С замиранием сердца Грация отошла с ним по одной из уединенных дорожек – достаточно далеко от ротонды, чтобы их не услышали, но достаточно близко, чтобы избежать скандала. Она все еще видела маму.
Мистер Левесон сунул руку во внутренний карман и вынул бумаги.
– Не потрудитесь объяснить это?
Грация взяла их, и все запутанные, недосказанные фразы, вертевшиеся у нее на языке, забылись. На листах черным по белому читались слова, выплеснутые ею в порыве страсти после того, как разразился скандал с Калли. Критика «Л. М.».
– Где вы взяли это? – спросила она, осознав, что это – неправильный вопрос, едва он слетел с ее губ.
– Один мой друг принес мне копию корректуры. Хотел знать, что я об этом думаю. Что я сделал, чтобы заслужить подобное презрение?
Грация не могла сглотнуть ком в горле. Бумаги в ее руках дрожали, слова расплывались перед глазами. Тихим голосом она спросила:
– И что вы об этом думаете?
– Что меня надули. Я сразу узнал ваши обороты речи… даже без «Г. Элфинстоун». Я не должен был верить вам. Вас забавляло добиваться моего интереса, насмехаясь у меня за спиной?

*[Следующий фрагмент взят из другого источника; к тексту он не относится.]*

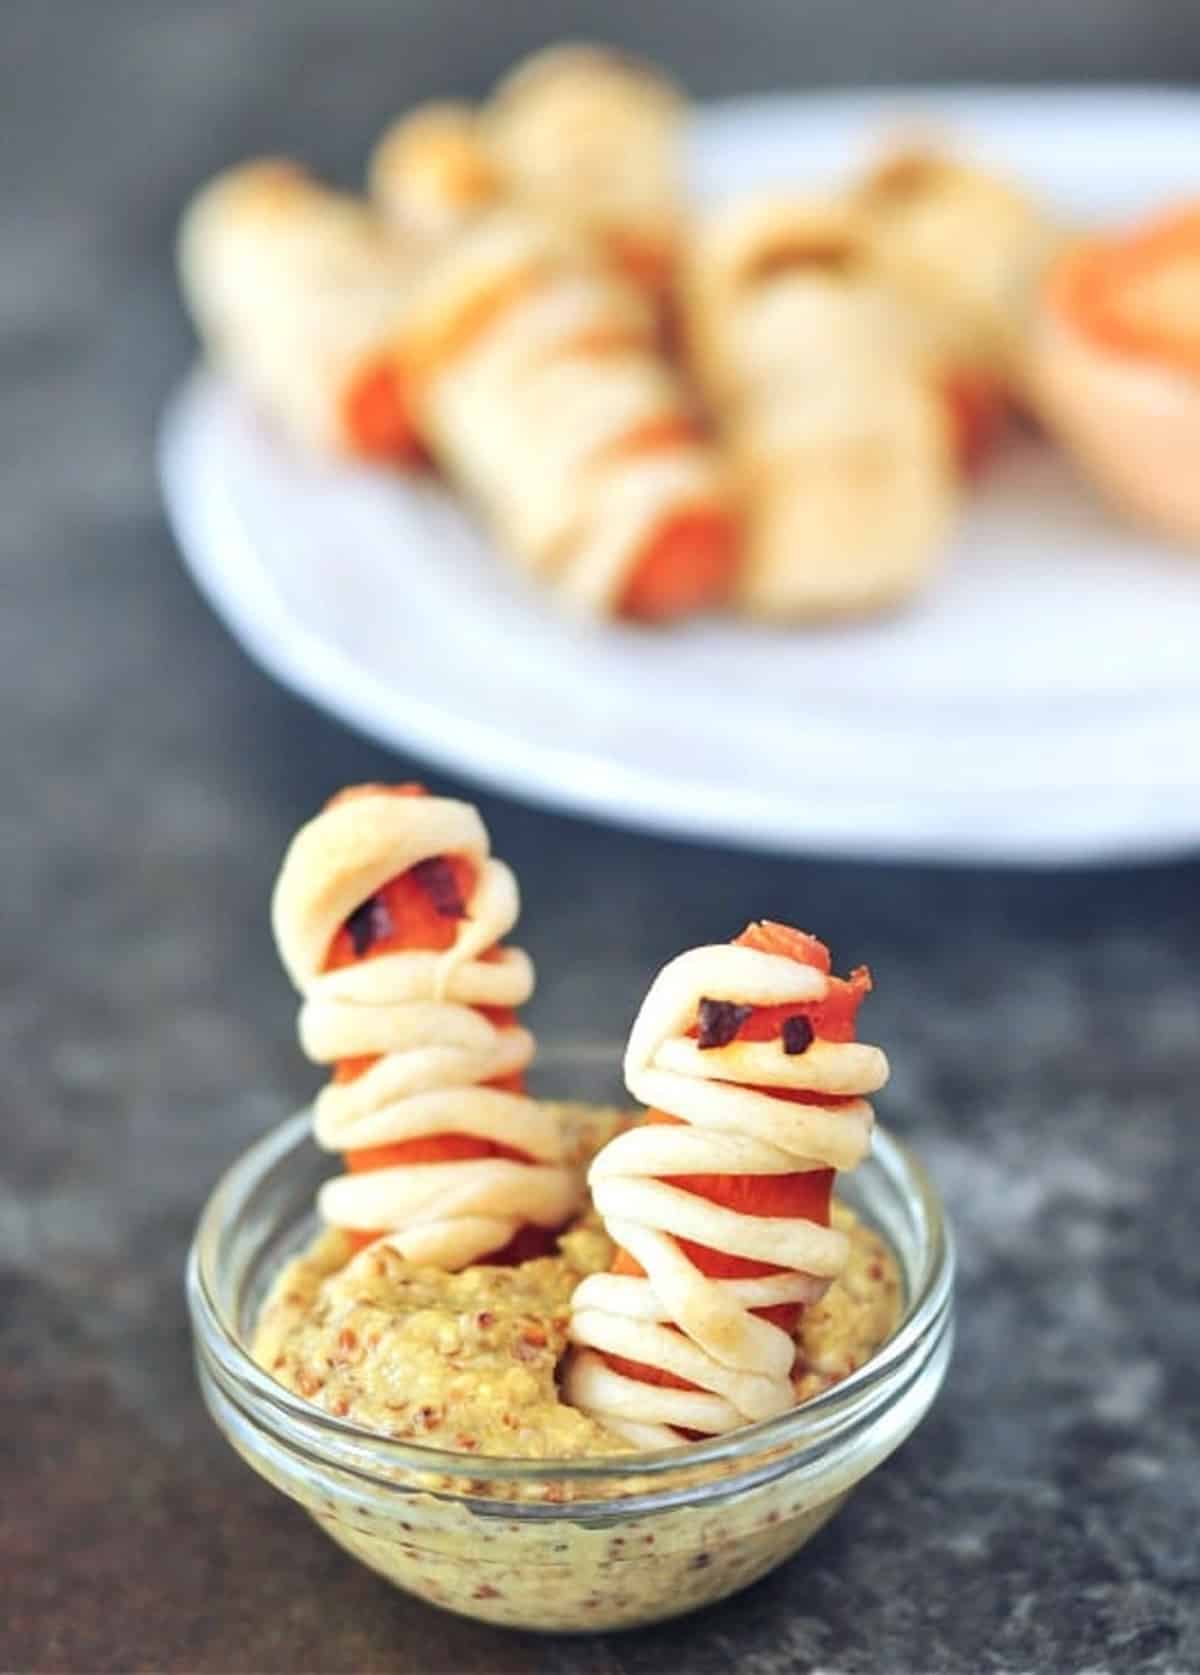 Mini carrots wrapped in pastry to look like mummies for Halloween sit on a serving plate with small glass bowls of hot sauce and mustard. Two "mummies" stand inside the bowl of mustard.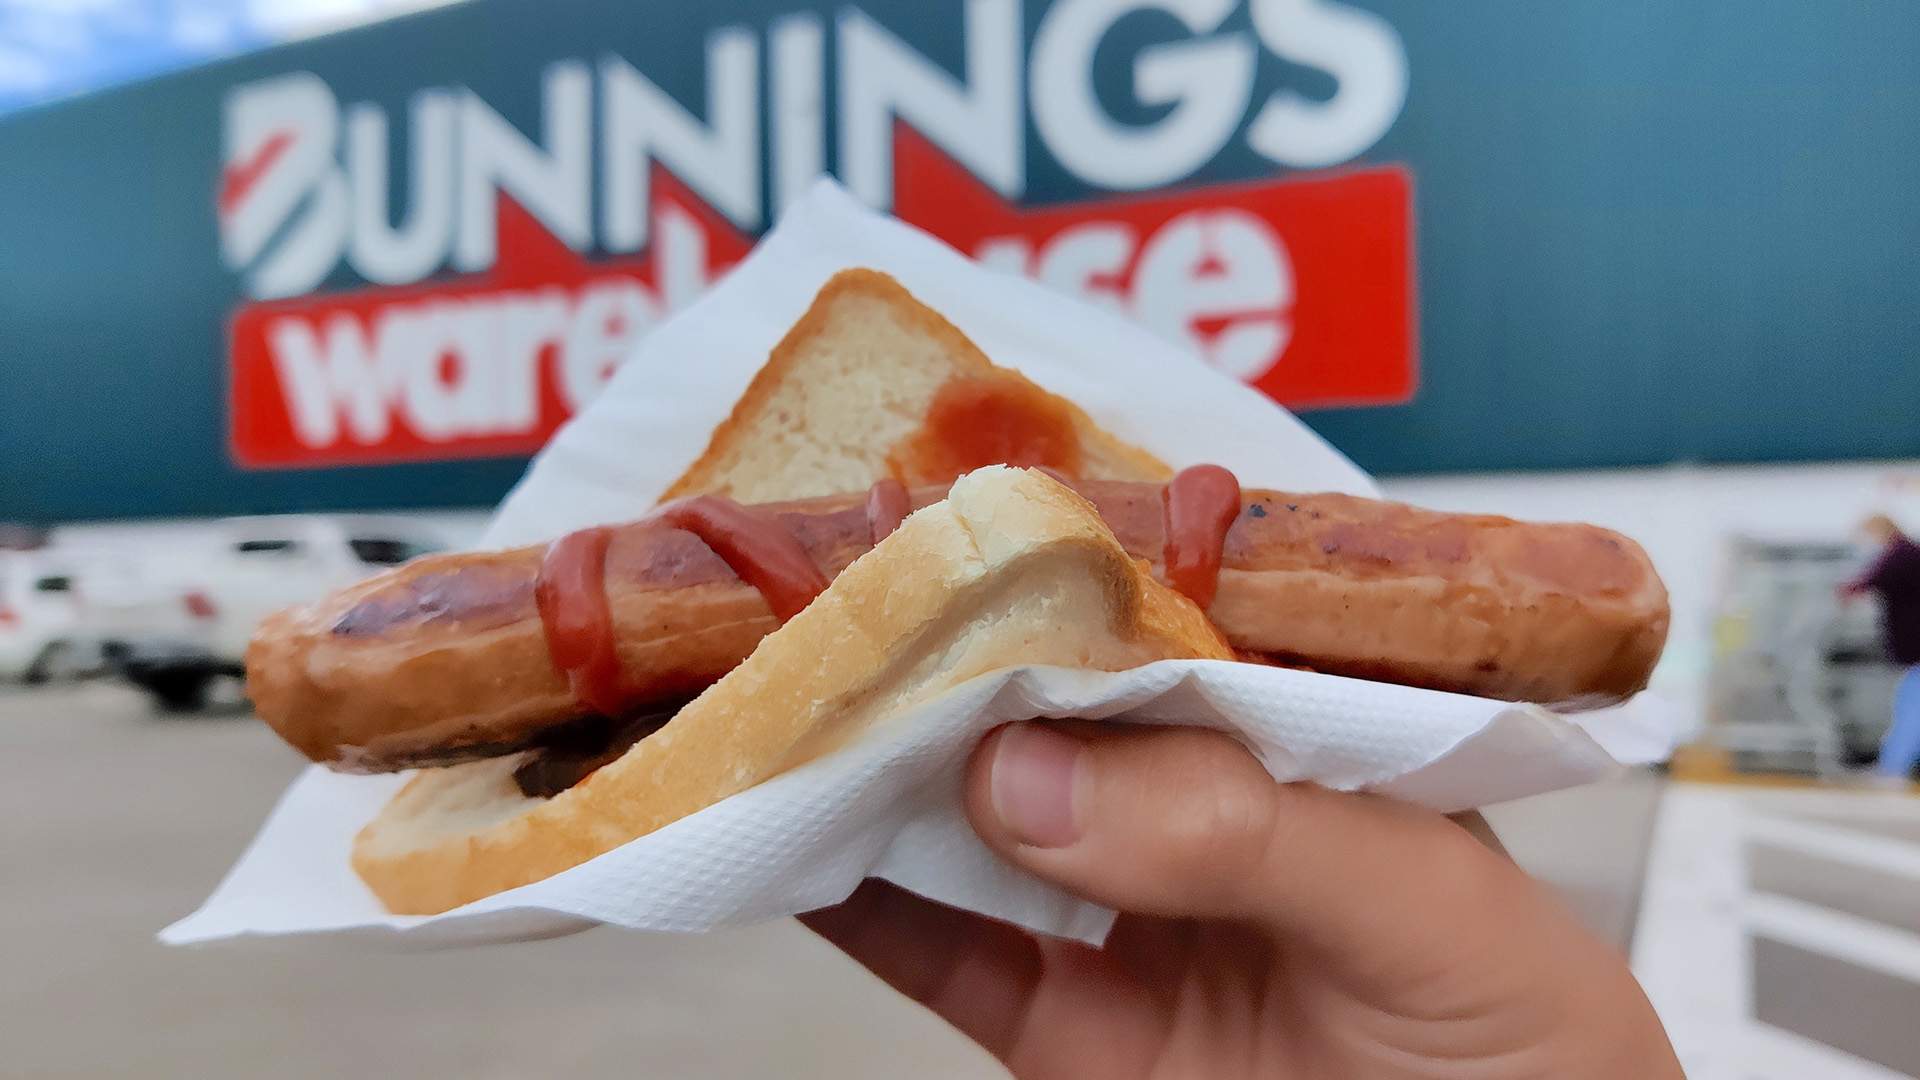 Bunnings Is Increasing the Price of Its Sausage Sizzles for the First Time in 15 Years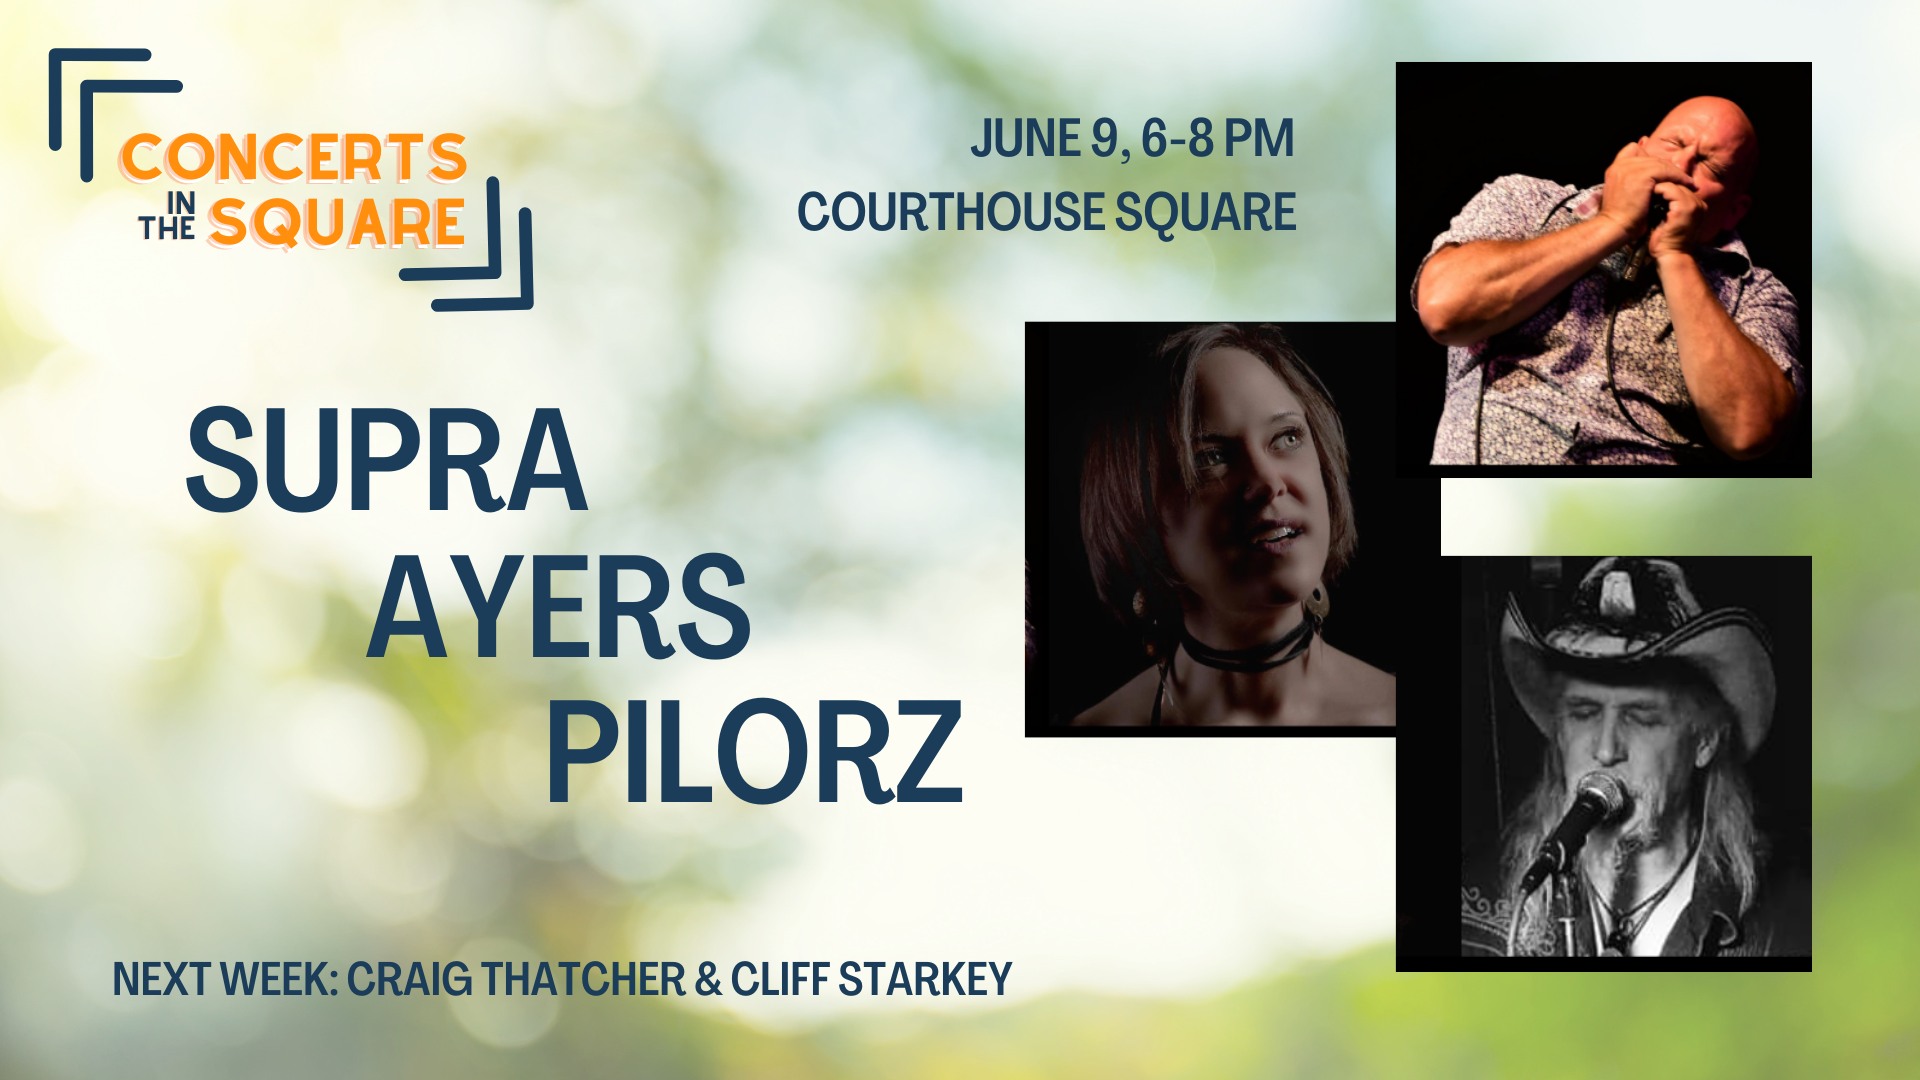 Concerts At Courthouse Square With Supra, Ayers Pilorz Pocono Update

– Я никогда не хотела… Не представляла, что это вы. Не в тот момент, когда писала отзыв.
Но мистер Левесон был в ярости: если он и видел, что ее оправдания справедливы, то не признал это.
– А потом? Когда показывал вам статью? Вы могли предупредить меня.
– Я собиралась… – начала Грация, но замолчала. Почему она не сделала этого? Потому что боялась такого разговора. – Я пыталась отозвать свой отзыв, но они только посмеялись надо мной.
– И вы не подумали, что я мог бы добиться в этом вопросе большего успеха?
Горячая надежда охватила ее.
– А вы могли бы?
Мистер Левесон выхватил у нее бумаги и швырнул на землю.